Despite the fact that the Canadian Physical Activity Guidelines recommends that children should be physically active for 60 minutes a day for health benefits, it is becoming increasingly common for inactivity to be the new norm (Alexander et al., 2014). Previously, engaging in active play after school such as running, biking and playing outside with friends was the norm (Alexander et al., 2014). However, quite recently, young Canadians are returning home from school and “parking their bodies” (Alexander et al., 2014, p. 1194). The “childhood obesity epidemic” (p. 1188) presents as an additional contemporary issue relating to the depreciating participation in active play, which immensely and negatively impacts childhood movement experiences (Alexander et al., 2014). Active play should be an essential mode of physical activity to help address childhood obesity, where more active forms of play will help to increase levels of physical activity in children (Alexander et al., 2014). Skouteris et al. (2014) state that it is not solely reduced levels of active play that lead to obesity in children. This increased intake of higher calorie-dense foods, combined with reduced levels of active play, greatly impacts children’s accumulating weight gain in developed countries (Skouteris et al., 2014). According to Lee et al. (2015, as cited in Janssen & Leblanc, 2010), the more physically active a child is, the greater the associated health benefits for the child. Sadly, this novel worldwide issue of childhood obesity indicates that the normalized notion of living a sedentary life equates to diminished health for children globally. The promotion of active play by organizations can be seen as the ideal solution to the childhood “obesity epidemic” (Alexander et al., 2014, p. 1194).

Practical Applications

Animal Shape Shifting Game

Purpose Statement:

The purpose of this game is to promote active play among young children with an emphasis on social, cognitive, and gross motor skills. It supports and encourages the development of these skills through spontaneous and rapid cognitive processing which are then demonstrated through verbal communication and physical execution of gross motor abilities. This game gives children the freedom to explore and mimic various movements in the natural animal world.  
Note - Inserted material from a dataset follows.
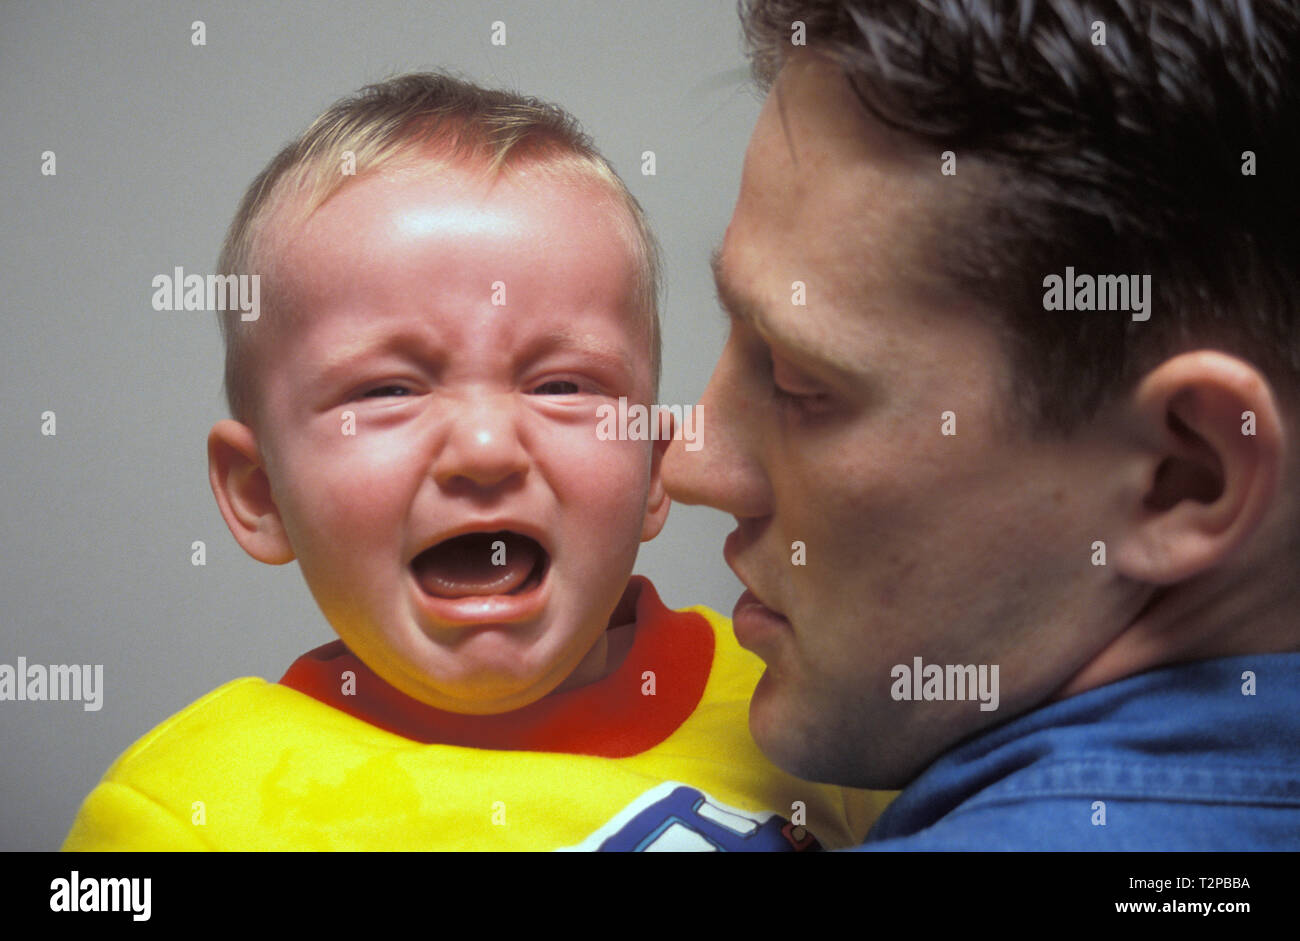 father holding screaming baby boy Stock Photo

Jumbo Foam Shapes (https://www.sheknows.com/ parenting /articles/987915/foam-art-crafts-for-kids/)

Target Age: 4-8 years.

Equipment needed:

Medium to large (~ 4” x 4”) foam letters and/or shapes of various colours (see example on the left).
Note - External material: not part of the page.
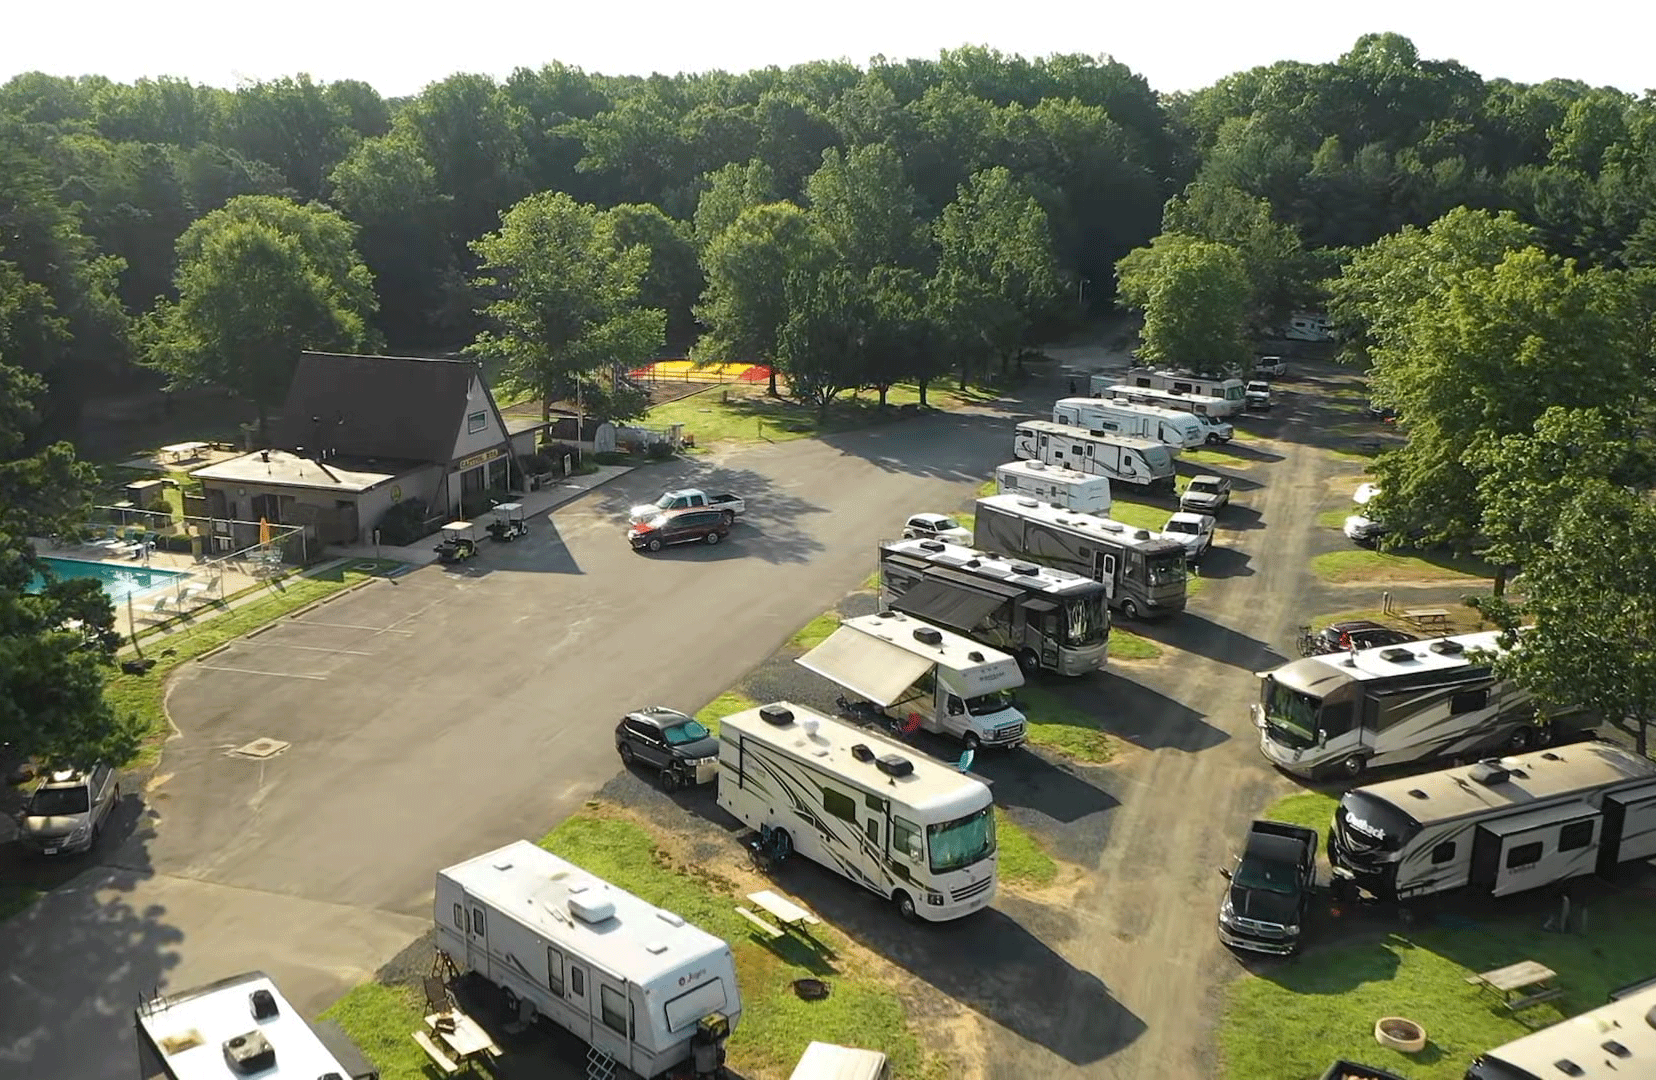 The Best Campgrounds and RV Parks near Washington DC

Environmental Space/ Set up:

This game is very flexible in terms of how and where it can be set up. It can be played both indoors and outdoors given the ground of the area is manageable for young children to play on (ex- floors, grass fields, etc.) The amount of sufficient space for this game depends entirely on how many players and how large of a set up the children playing would like for it to be.

Child demonstrating a crab walk (left) and bear crawl (right) (https://whatmomslove.com/kids/active-indoor-games-activities-for-kids-to-burn-energy/)

Instructions:

Depending on how many children are playing the game, place the various foam figures of letters and shapes randomly on the ground (ideally a minimum of 1:5 ratio for child to figures) of the area that will be used (gymnasium, grass field, backyard, etc.) Each figure should have a space of at least 1 metre between them (~3 ft).

An example of how the set up of the game can look like.(https://whatmomslove.com/kids/active-indoor-games-activities-for-kids-to-burn-energy/)

Each child can choose their favourite shape or number to stand on before beginning the game. Once the game has begun, the children choose which shape they would like to go to and in what way. They can do so by either having the child who’s turn is after them tell them how to get there or by choosing by themselves with a time limit of 10 seconds. Turn by turn each child will move to random shapes and letters of their choosing in whichever way they choose to, mimicking various animals in the way they move (ex: “hop like a rabbit to the blue square”, “crawl like a crab to the red triangle”, “sprint like a cheetah to the letter “G”, etc.)

Modifications:

A modification that can be made to this game for children who may be having difficulty coming up with a prompt on their own is that the parent or instructor would then provide those prompts for the child to move from figure to figure, while keeping the child’s developmental and motor abilities in mind.

Obstacle Course

Purpose Statement:

The purpose of this activity is to allow children the freedom to create their own place of play with various equipment that is provided to them to make a fun and original obstacle course. This provides the opportunity for children to demonstrate their rudimentary and fundamental skills in an unstructured way. In addition, the purpose of this activity is to provide children with affordances during play that will help increase the development of motor skills, strength, balance and spatial awareness.

Target Age: 4-10 years of age.

Equipment needed:

  • Tricycle
  • Rubber Ball (small to medium size)
  • Chalk (to draw out mini obstacles such as for hopscotch squares)
  • Spoons
  • Cotton Balls
  • Cones (4-5)
  • Hula Hoops (4-5)
  • Painters tape
  • Play tunnel (example provided in picture below)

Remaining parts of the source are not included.